# Poudre death



## BarryDingle (Mar 13, 2008)

Just read something on 9news about this. Anyone heard specifics,Mish falls again? Also read that it was a commercial group. Really sucks,could happen to any of us...

++Much vibes fellow riverrunner++


----------



## studytime (Oct 4, 2010)

Article here.

Rafter dies on Poudre River west of Fort Collins; circumstances unclear | The Coloradoan | coloradoan.com


----------



## CUBuffskier (Jul 7, 2005)

I think one station did mention an island near the mish so that would be my assumption. Sucks big time.


----------



## robanna (Apr 20, 2004)

> Initial reports indicated the group was on a commercial rafting trip.


Rafting Accident Kills 1, Leaves 3 Stranded - Denver News Story - KMGH Denver


----------



## Buckrodgers (Feb 28, 2007)

According to the 7 news article, it was RMA. Condolences to the family of the deceased, and best to the guide during this difficult time.


----------



## smauk2 (Jun 24, 2009)

Condolences to family and friends.

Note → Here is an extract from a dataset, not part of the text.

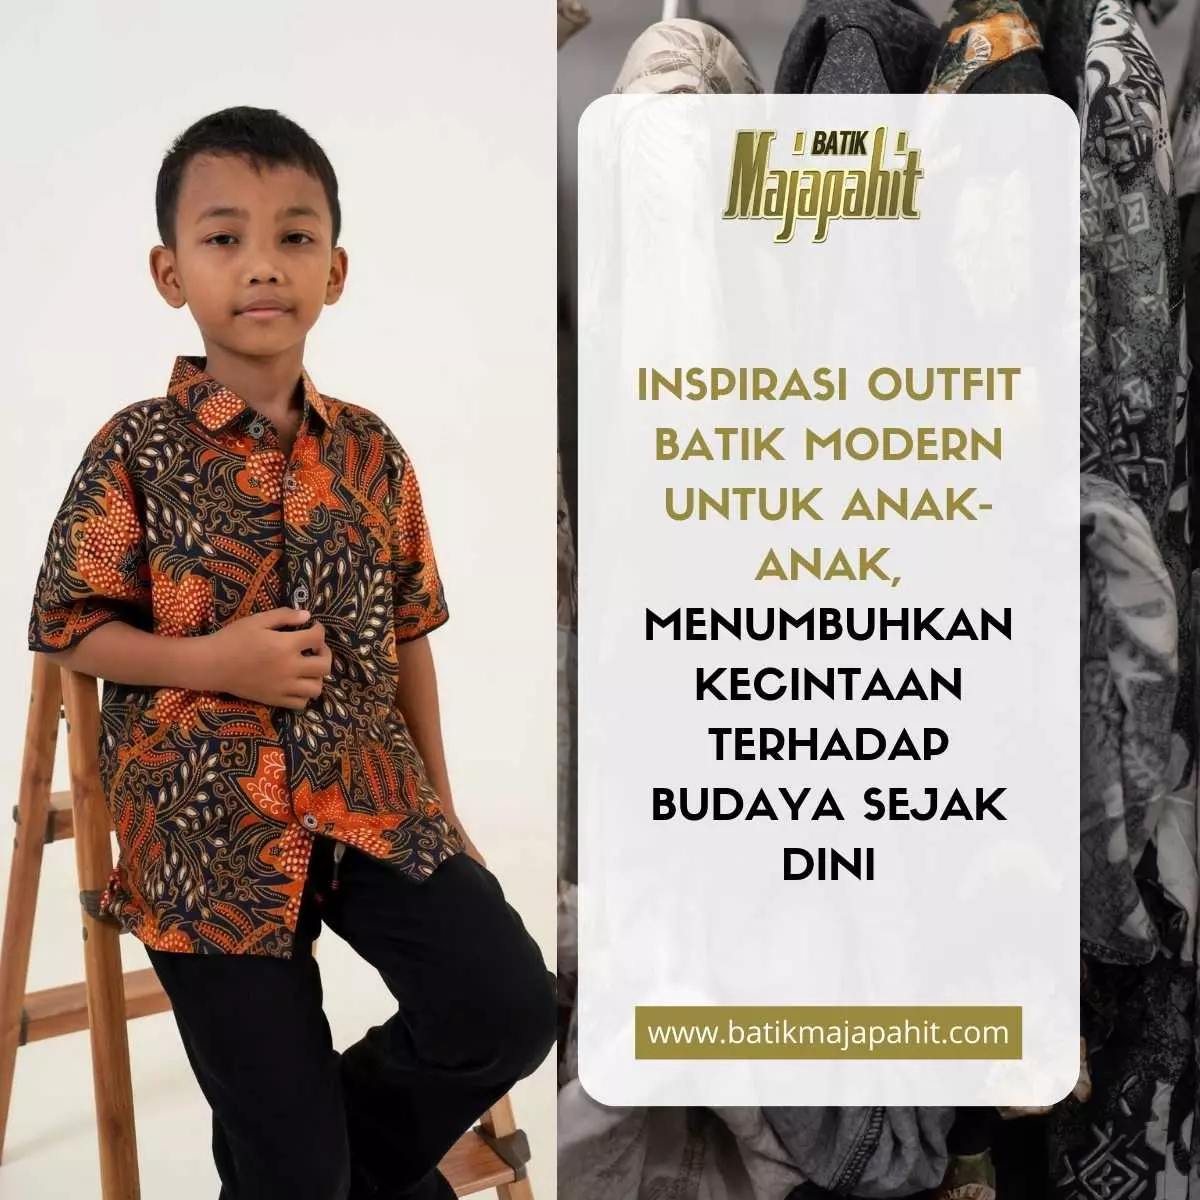 Inspirasi Outfit Batik Modern untuk Anak-Anak, Menumbuhkan Kecintaan Terhadap Budaya Sejak Dini
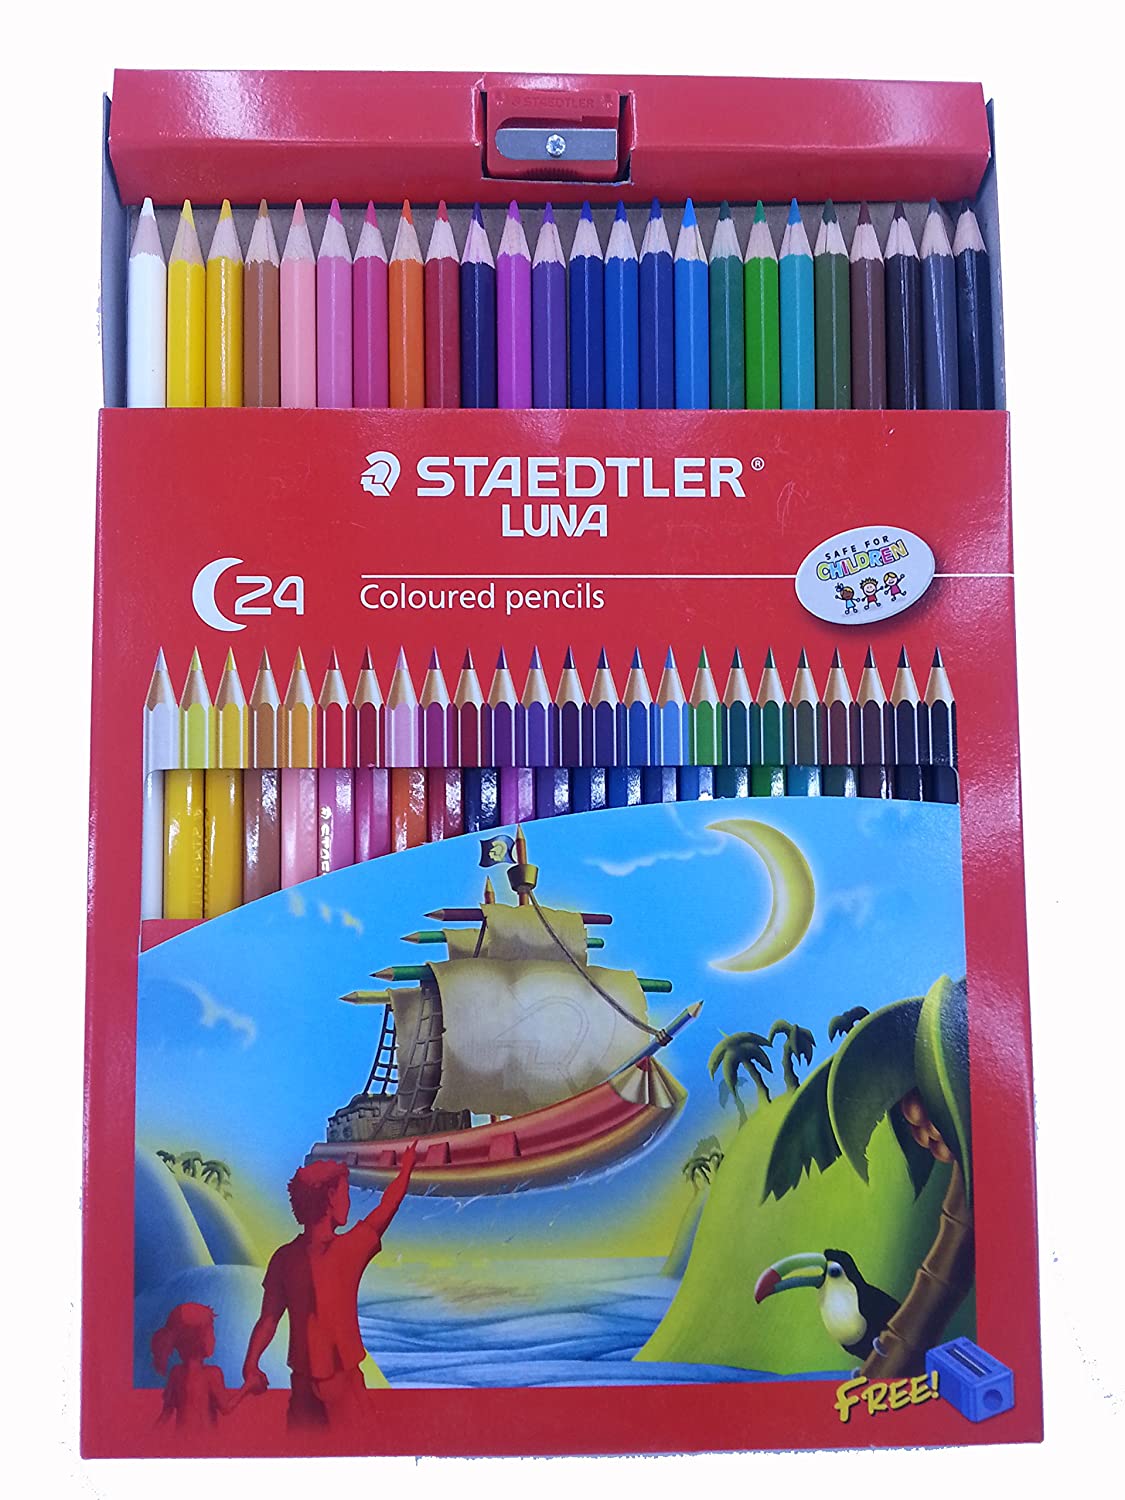 Staedtler Luna 24-Shade Coloured Pencil Set

Terrible news, best wishes to all involved.


----------



## bigkahunaburger (Apr 26, 2011)

that sucks. condolences to everyone involved... mish falls, right?? anyone know any specifics?? the poudre's big and only getting bigger; be safe out there everyone


----------



## Don (Oct 16, 2003)

Sorry to all involved. Be safe out there folks. Keeping everyone in our thoughts.


----------



## OleMissBoater (May 22, 2007)

Sad news. It's always unfortunate when the river gets hungry. 

Aside... Those people commenting on that article are ignorant rubes. It's always amazing to ms how ignorant the general public is a out our hobby.


----------



## TrevorHughes (Jun 23, 2011)

*Poudre/Mish Falls/Question from a reporter*

Folks, I'm a reporter for the Coloradoan working on the story about this rafting death. I was hoping someone might be willing to provide some details about what the conditions at Mish Falls are like right now. I won't be asking you to comment directly on this gentleman's death, but to help explain to our readers what this area is like.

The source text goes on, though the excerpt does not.